Таким же был и Г., знаменитый “Лифтёр” – убийца-душитель из Магнитогорска. По моей просьбе он написал свою исповедь, полностью опубликованную в книге “На исповеди у сексолога” (Бейлькин М. М., 1999). Холодность “нарцисса” проявилась у Г. в том, что, помня малейшие нюансы ощущений, испытанных им во время убийства своих жертв, в разговоре со мной он не мог припомнить их имён и фамилий. Между тем, они были на устах у всех магнитогорцев, терроризированных садистом.
Г. жил в мире собственных фантазий, играя роль супермена, неуловимого для милиции. По всем правилам театральной постановки он купил себе тёмные очки, нож и игрушечный пистолет. Убийца колесил по городу, сбивая со следа своих преследователей, и упивался тем, что держал в страхе целый город. Элементы театральной игры, по мнению А. Ткаченко (1999), – обычный атрибут “перверсной сексуальности. Достаточно вспомнить случай Джека-Потрошителя, отсылавшего перед убийством в Скотланд-Ярд предупреждение с указанием новой жертвы, или, из новейшей истории, – случай Бостонского душителя, оставлявшего рядом с изуродованным трупом открытку с поздравлением по случаю Нового года” . У Г. подобная игра была способом психологической защиты: строя из себя супермена, убийца компенсировал собственный комплекс неполноценности.
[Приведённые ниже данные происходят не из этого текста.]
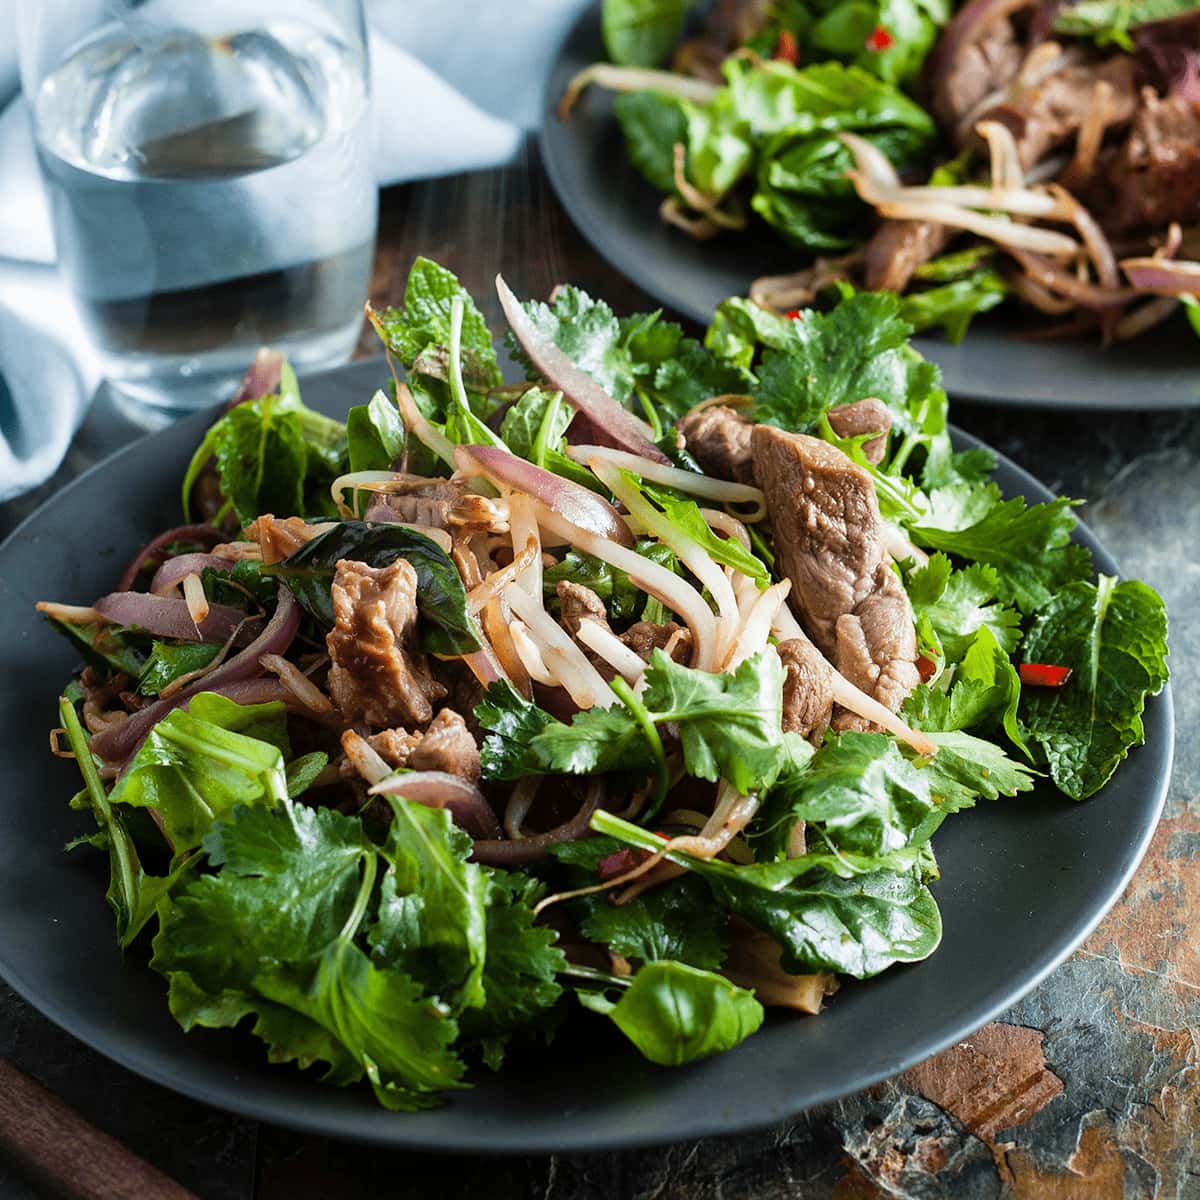 warm lamb salad with Thai dressing served with glass of water and napkin behind.

Психоаналитик Эрих Фромм (1994) словно именно о Г. писал: “Человек становится садистом оттого, что чувствует себя импотентом, неспособным к жизни. Он пытается компенсировать этот недостаток тем, что приобретает огромную власть над людьми и тем самым превращает в Бога того жалкого червя, каким он себя чувствует”.
Польский судмедэкперт Збигнев Старович (1991) добавляет ещё одну характерную деталь психологии “нарциссов”, подмеченную З. Соколиком и М. Шостаком (Sokolik Z., Szostak M., 1976): “у них нарушена способность различия собственных переживаний и реальных событий; отмечается склонность к такой интерпретации мира, когда желаемое принимается за действительное” .
По мере того, как ухудшалась половая жизнь с женой из-за неполадок в его сексуальной сфере, Г. всё больше чувствовал себя ничтожеством как мужчина. Наконец, нормальный половой акт стал ему и вовсе ненавистен. После первого совершённого им убийства Г. намеревался вступить в половой акт с трупом. Это не удалось ему из-за отсутствия эрекции. После последующих убийств он, правда, уже не делал никаких попыток к осквернению трупов и даже не расстёгивал свои брюки. Страх, беспомощность и агония девочек стали самоцелью, сделав Г. полностью неспособным к нормальной половой жизни с супругой; эрекция стала слабой даже при онанизме.
Фантастическая зловещая игра была выражением основной черты характера Г., его нарциссизма. Этим термином, восходящим к имени самовлюблённого героя греческого мифа, Фрейд подчеркнул отстранённость нарциссических психопатов от остальных людей. Окружающий мир интересует их лишь как продолжение их самих или неинтересен им вовсе. Если для самоутверждения и компенсации комплекса собственной неполноценности “нарцисс” решит кого-то убить (разумеется, более слабого и беззащитного), то сделает это без малейших угрызений совести.
Своей нарциссической холодностью Г. поразил даже много повидавшего в своей практике следователя, участвовавшего в аресте. Когда за ним пришли, Г. сидел за обеденным столом. Не изменившись в лице, он холодно и спокойно попросил: “Можно, я доем апельсин? А то мне в камере его не дадут”. Это была не просто бравада. Таково уж бесчувствие психопата, считающего себя центром мироздания и не способного воспринять масштабы действительного соотношения между его Я и окружающим миром.